More importantly, the court granted orders for “read only access” to the transmission system. In so doing, the court struck a huge blow in favour of the citizens’ right to information under the Constitution.
The decision on the application for access to information held by the IEBC may have been important for this case, but it is even more important beyond this case as a precedent for the upholding a citizen’s right to information held by a public body.
By this decision, it will no longer be an excuse for any public body to keep information secret and deprive citizens access, claiming that the information is classified. Such claims must be tested going forward.
Even when the IEBC appeared to have been vacillating and failing to provide the information on time, the court reiterated the order for obedience in firm tones that communicated the succinct message that the information may be within the custody of an appointed officer, but it ultimately belonged to the public.
The hearings over two days involved a right schedule between the petitioners to whom the court allocated five hours to argue their case. The IEBC and its chair got three hours and President Kenyatta’s legal team also got three hours. The Court also permitted the Attorney-General and the Law Society as friends of the court (amicus curiae) and accorded them 20 minutes each. The court also permitted the advocates of two other presidential contestants to make representations before it.
Departure from 2013
Even though this Petition of 2017 was the second one that the Supreme Court heard challenging the election of the President, there were some clear departures from the case of 2013. The first was that the court appeared more strident in managing time and the range of advocates’ submissions.
Secondly, the court was clearly less inclined to hear or sustain technical challenges by the parties. For example, the court allowed a number of documents to be admitted in the record by both parties even though they may have been filed out of the time specified in the Rules of the court. In so doing, the court indicated that the procedure must not be allowed to prevail over substantive justice.
The IEBC’s advocates were firm that the issues raised by the petitioners were administrative challenges and mere errors and did not ultimately affect the elections and efficacy of the results. They argued that the evidence adduced by the petitioners would not show that they affected the results in a way which would have turned the result around.
The petitioners contended that the constitutional requirements as affirmed by the Maina Kiai Court of Appeal decision was that the requirements of verifiability and transparency are not in vain but are imperative requirements for a free and fair election.
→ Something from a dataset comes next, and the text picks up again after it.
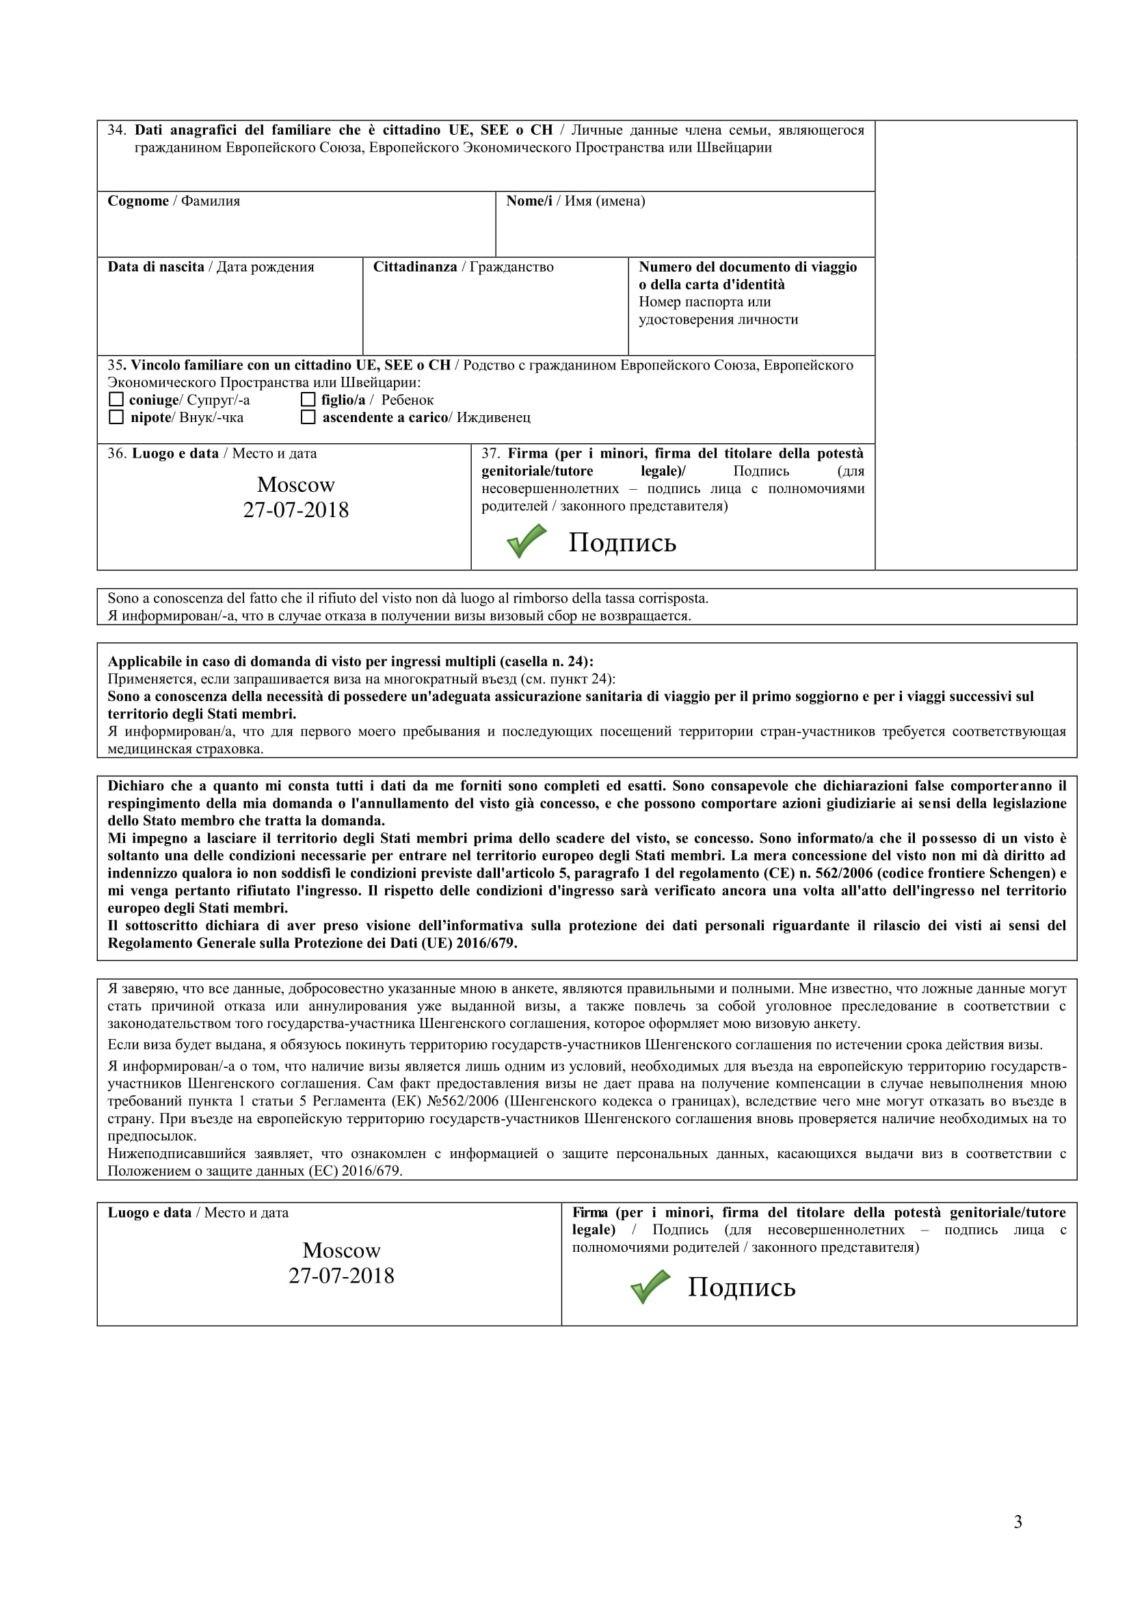 образец анкеты на визу в италию 3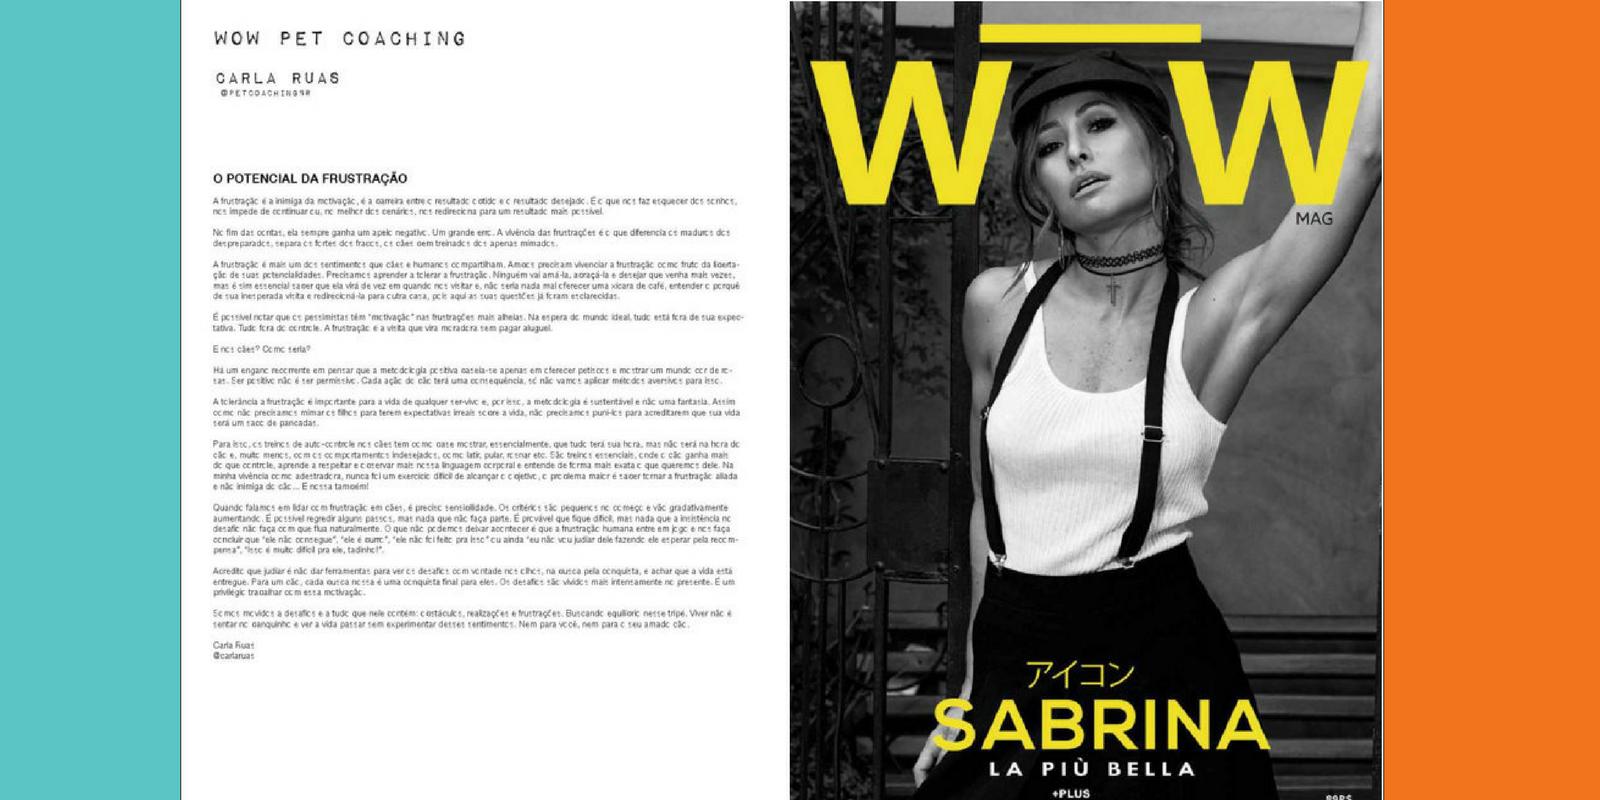 Lambeijos, Carla Ruas - Coluna #3 WOW PetCoaching: O Potencial da Frustração

There inclusion in the Constitution was not for the mere reason that some draftsman had too much ink and paper.
On September 1, 2017, the petitioners’ arguments appear to have prevailed: The court found that the irregularities and illegalities so tainted the 2017 elections that the results flowing therefrom were invalid and a fresh election needed to be held.
Even though the Supreme Court will give its full judgement and reasons for its decision within 21 days, the essence of this decision is not merely the historical one that this is the first petition against a presidential election to succeed. Neither is the fact that this is one of the rare instances, not only in Kenya, but the whole world where a petition has succeeded against an incumbent president.
The real lesson from this is that the Supreme Court has emerged as the guardian of democracy by asserting its independence against the Executive and declaring boldly that it is also an arm of government and of no less stature than the Executive and the Legislature.
Equally important is that the court sent word to the country that it is not an institution to be taken for granted but can be counted upon to uphold the rights of the people irrespective of their position within the spectrum of power.